Classic poles should fit comfortably under your armpits when you stand on the ground. Skate poles should be right around the cleft of your chin. (An old school (meaning mid-80's to early 90's) method for sizing skate poles was up around the nose. We've found as skating and grooming evolved that it was better to have skate poles only up to the cleft of the chin...especially for skiing in hillier areas. An easy way to tell if your poles are too long is if you feel a light strain in arm pit area/rotator cuff after skating lots of hills.


BOOTS

What You Need

Remember that boots and bindings usually must go as a matched set. Boots are easy. Any modern boot that comfortably fits your foot and works with your binding system is fine. Classic boots for classic skiing...skate boots for skating. The biggest differences between the two types of boots is the stiffness (much stiffer with skating) and the support around the ankle (much greater with skating). When renting equipment, ask for the appropriate gear for the technique you'll be doing and always ask for the newest boot/binding system available.

Unlike skis and poles, boots will wear out with time and some of the latest improvements can make a huge difference in beginner control. When buying,it may be best to buy new boots. This is one area you should not skimp in.
Note: Some brands offer "combi" boots that can be used for both classic and skating. These offer a compromise on stiffness and ankle support. They are a good buy for someone that skis only occasionally but with both styles.

Sizing

Should feel just like a running shoe. Be sure to try them on with the type of sock you are most likely to ski in! In addition, several companies now have models designed just for women's feet. These can be a great buy.


RENTING OR BORROWING SKI EQUIPMENT BEFORE BUYING

Rent (or borrow) equipment the first couple times you go skiing. Repeat that five times.

Renting XC gear will allow you time to pick up the basics of the sport, and get a feel for what type of XC skiing has the most appeal for you...all before you make a permanent investment. Nonetheless, make sure that the person who is helping you is knowledgeable, and is up to date on the latest trends.

This should not deter you from making a few casual outings, but hey, you are now at the point of making a significant outlay on gear that must last you a long time! If you are trying our rentals at Bear Mountain Nordic, pump your instuctor for information! BMNSA has discussed co-ercing local sports outlets to either offer rent-to-buy plans or to hold some Demo Days. Keep an eye out for these: Visiting the hill on such occasions would be wise.

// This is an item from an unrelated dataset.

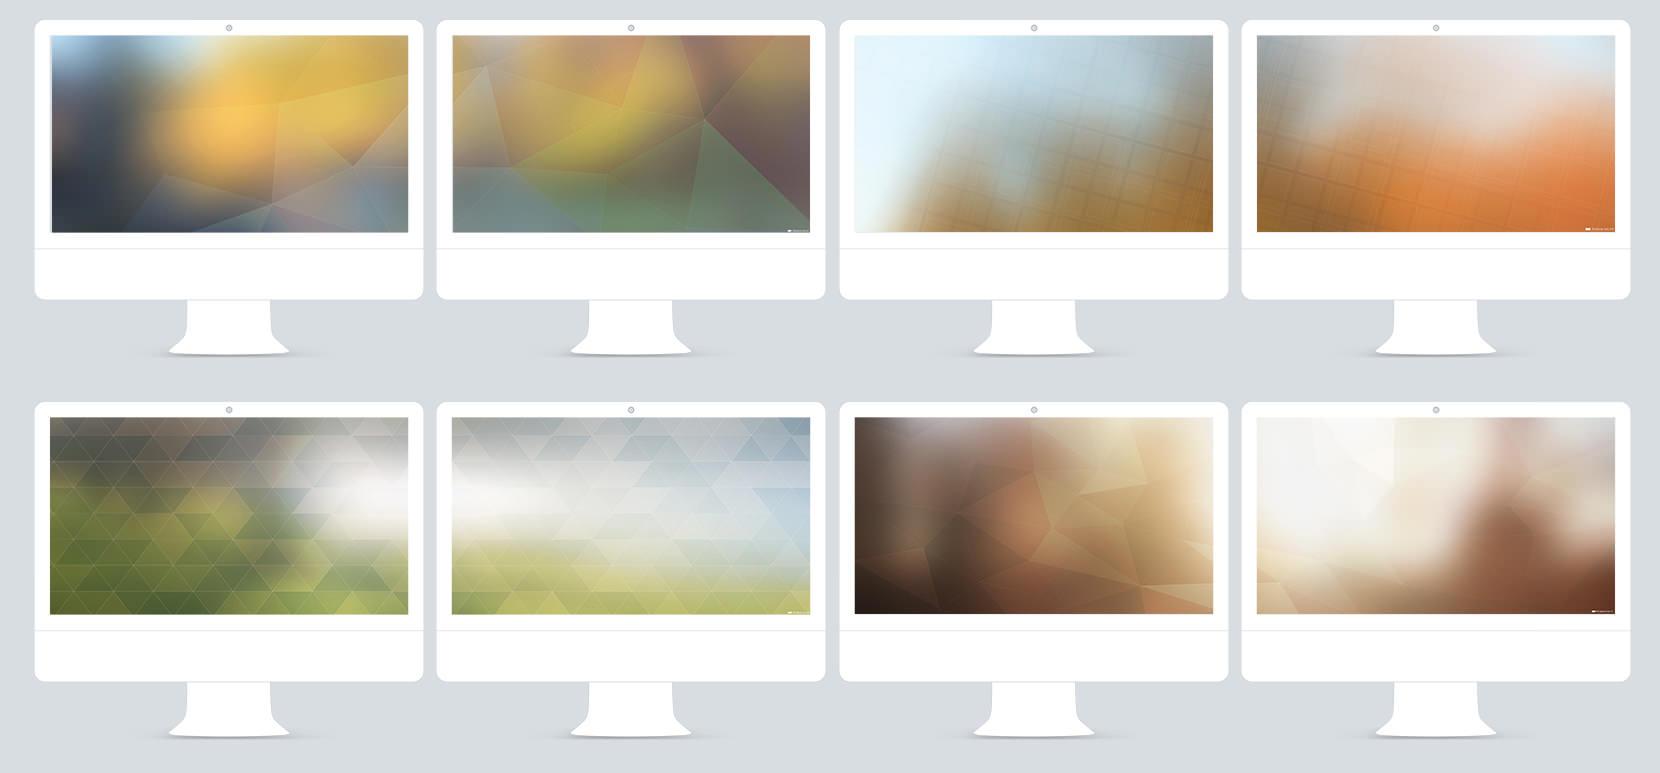 Fonds d'écrans abstraits pour deux écrans

GLOVES, CLOTHES, SUNGLASSES

What You Need

This stuff you will need to buy pretty much from your first outing on...it is very tough to rent. Keep in mind the following:
XC Skiing is an aerobic sport. What works for sledding with the kids, snowboarding or alpine skiing will not work very well for XC. Huge gloves, bulky clothes and big goggles will quickly get in your way and overheat your body. Of course, if you are planning to take longer breaks, or to camp, carry extra clothes with you!

Two Simple Rules: a.) Think about dressing for a jog/power walk in cold weather. b.) Always dress in layers.

You want to be comfortably warm but you also want to be highly mobile. If it is snowing (or even raining) you want to have an outer layer that will keep you dry but not one that is so thick that your core becomes a sauna. Remember that you will be burning lots of calories and generating internal heat even on an easy ski.

Consider buying from XC Ski specialists...these folks may have the kinds of gear you need, reasonable prices and the know-how to help you choose. But also remember that if you are not buying locally, you may end up buying stuff that is not suitable locally!

Anything and everything beyond this list depends entirely upon your particular situation, where you are going skiing, how long you'll be out, etc.. For beginners, the best advice is to keep things as simple as possible and go skiing a few times so that you have a personal evaluation of what specific types of equipment as well as what additional items will make your skiing experiences more enjoyable.